Press Release

The National Conference of State Legislatures’ Task Force on No Child Left Behind (NCLB) emerged today to urge an enormous step backwards in the nation’s efforts to close achievement gaps in public education.  While the report pays lip-service to the goal of closing achievement gaps, it fails to even acknowledge the deep-seated inequities in the public school systems for which these state legislators are responsible.

The historical record is too strong and the stakes are too high to turn back the clock on NCLB.  The law is not perfect, and it inevitably will be modified when it is reauthorized by Congress in 2007. In the meantime, state systems of public education need to change much more than NCLB needs to change.

Rather than talk candidly about the challenges to equity in public education, NCSL defends state systems that for too long have neglected the needs of students, particularly children of color and those from low-income families.  The task force report shamelessly argues that states were doing a fine job educating children before NCLB was enacted.  But the evidence says otherwise.

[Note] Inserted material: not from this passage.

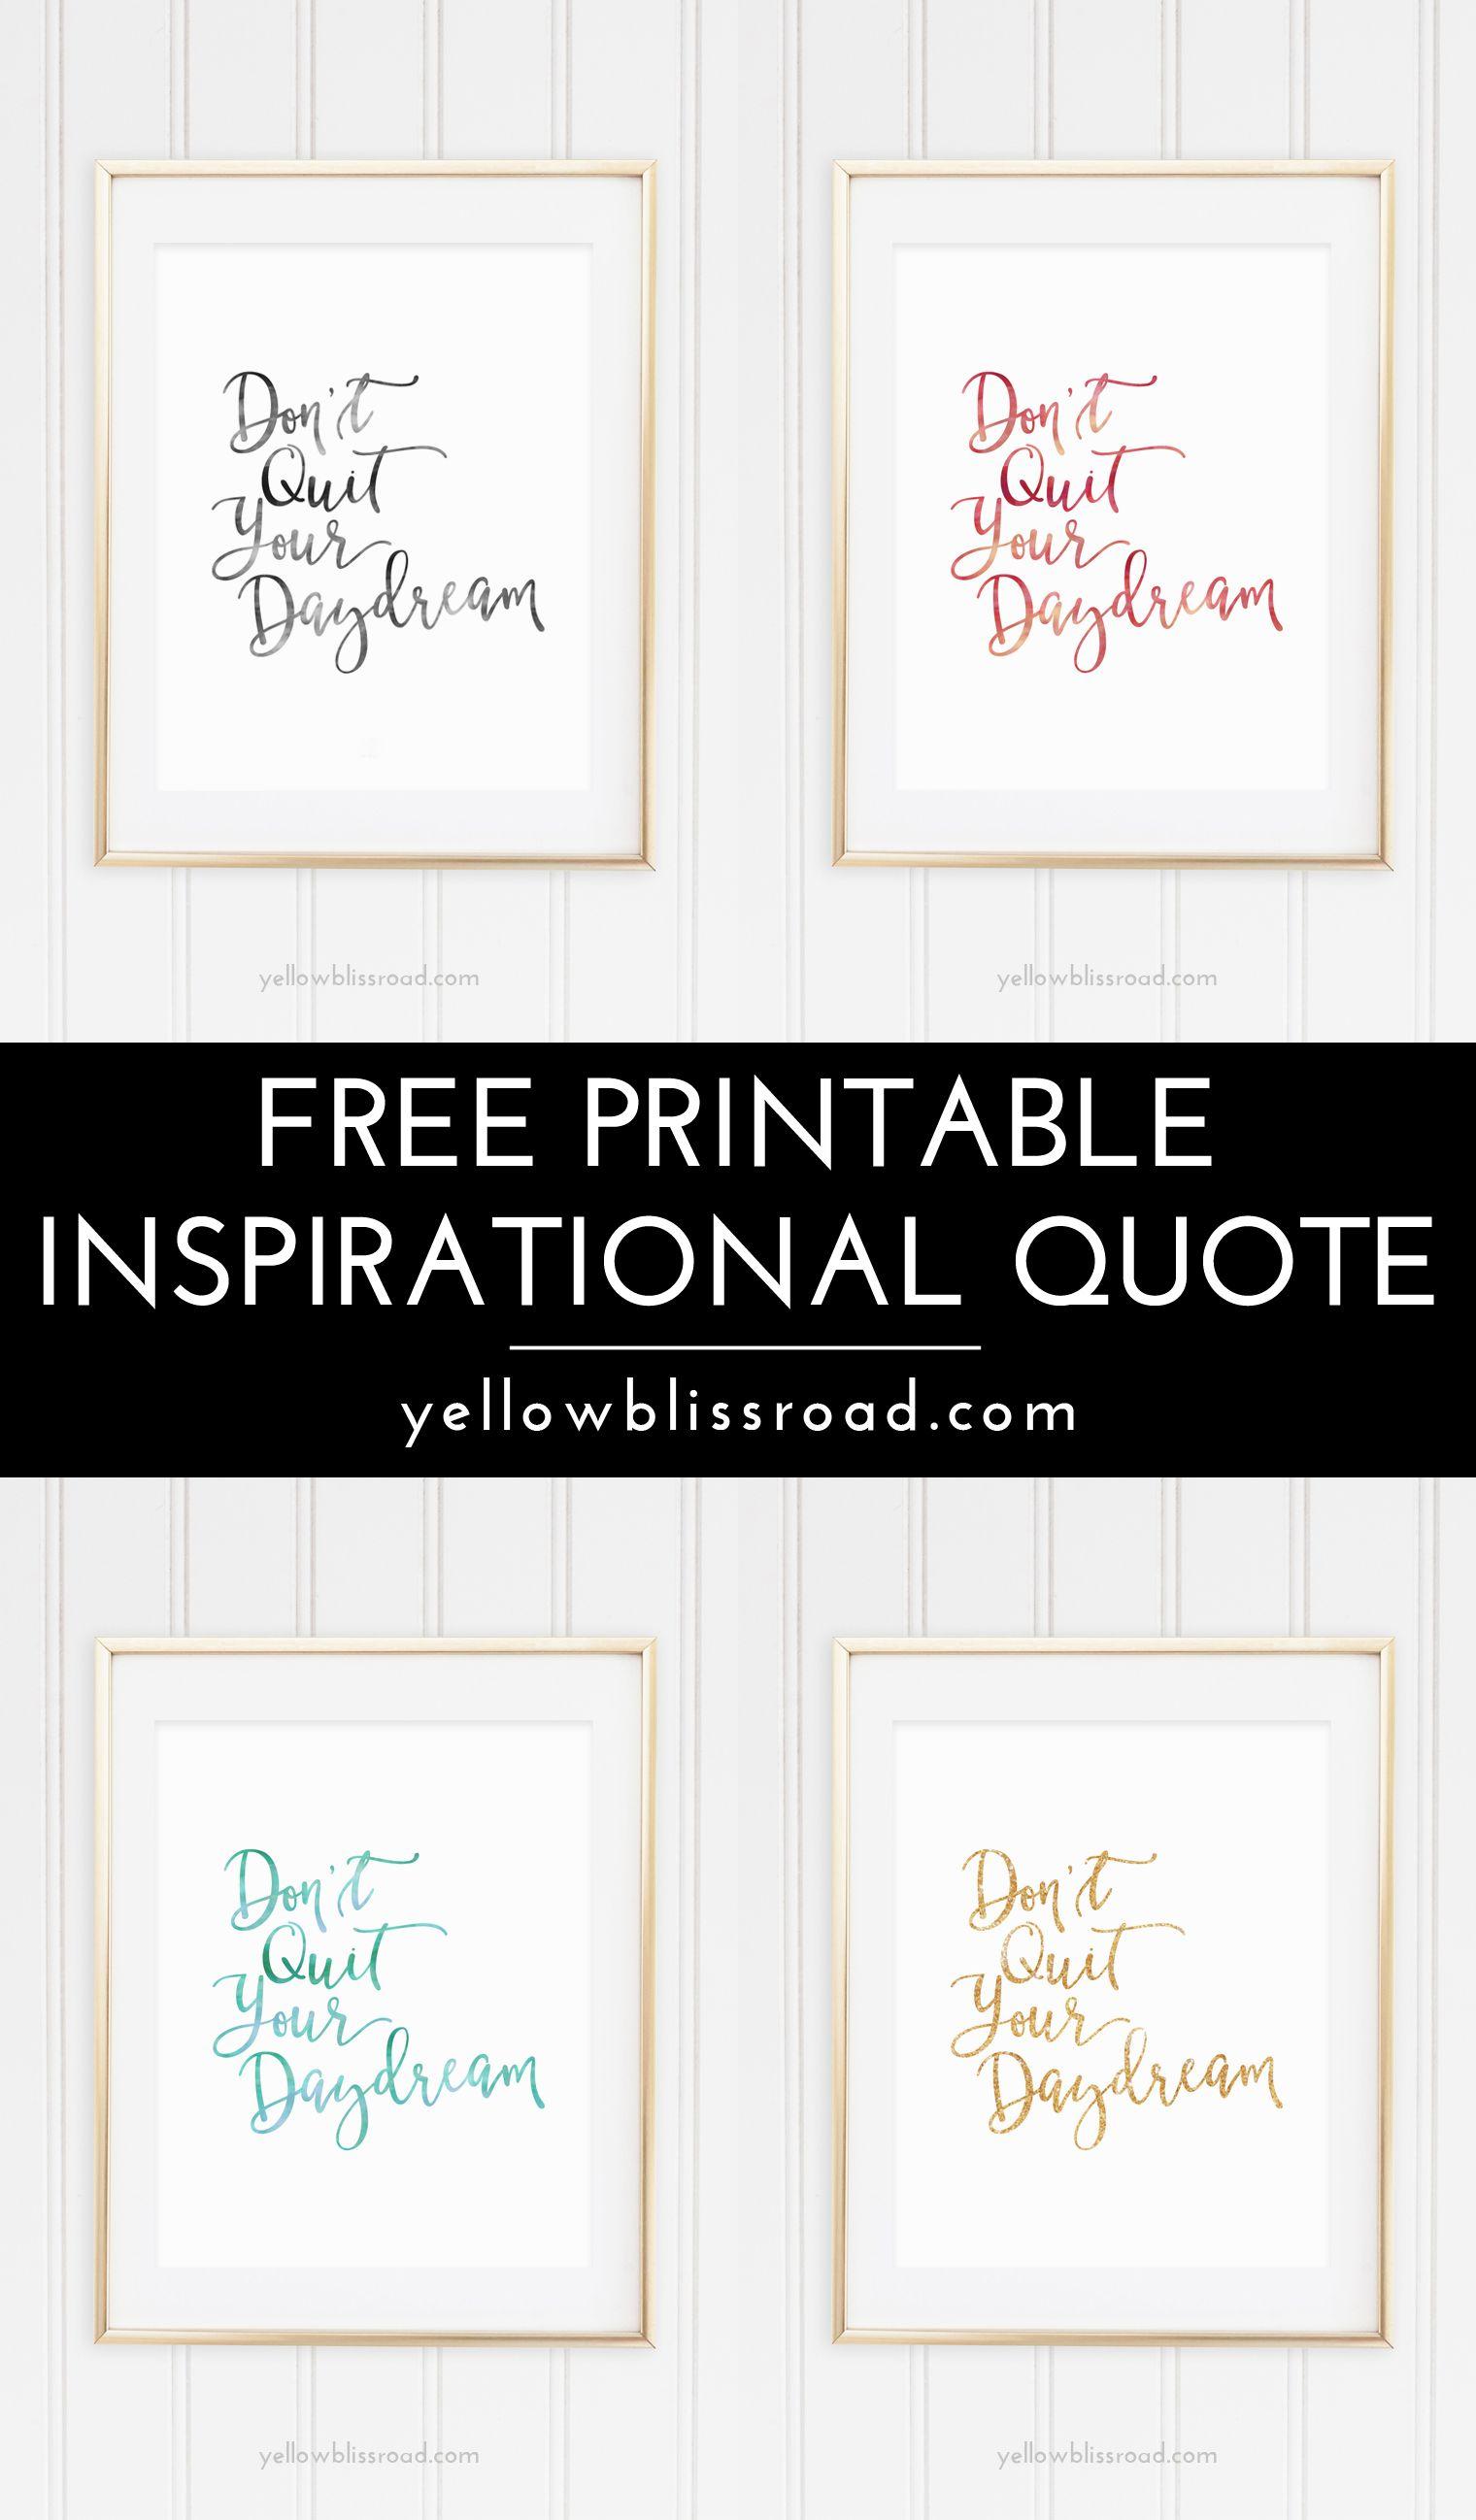 Free Inspiration Quote Printable | Free Printable Wall Art, Quotes - Free Printable Quotes Templates

The gaps that separate poor and minority children from their peers actually widened in the 1990s, showing that state accountability systems adopted during this decade weren’’t sufficient to close gaps across the country. In fact, many states did not even report data on achievement gaps, and most state systems did not focus on closing these gaps. As a result, by 2003, roughly six in 10 African American and Latino fourth-graders could not read at even the basic level on the National Assessment of Educational Progress. Nationally, African American and Latino 17-year-olds read and do math at roughly the same level as White 13-year-olds.

These children and this nation cannot afford further delay.  To confront these large and growing achievement gaps, NCLB calls on policymakers and educators to significantly change their practices – from distributing teachers more fairly to ensuring that all children have access to a rigorous curriculum. We know these changes must happen to close gaps.

We must tackle these issues head-on, with an accountability system that holds systems of public education responsible for educating all students. Legislators need to turn their time, energy and resources to help schools do this important work, rather than try to dismantle the best tool the nation has to help these students.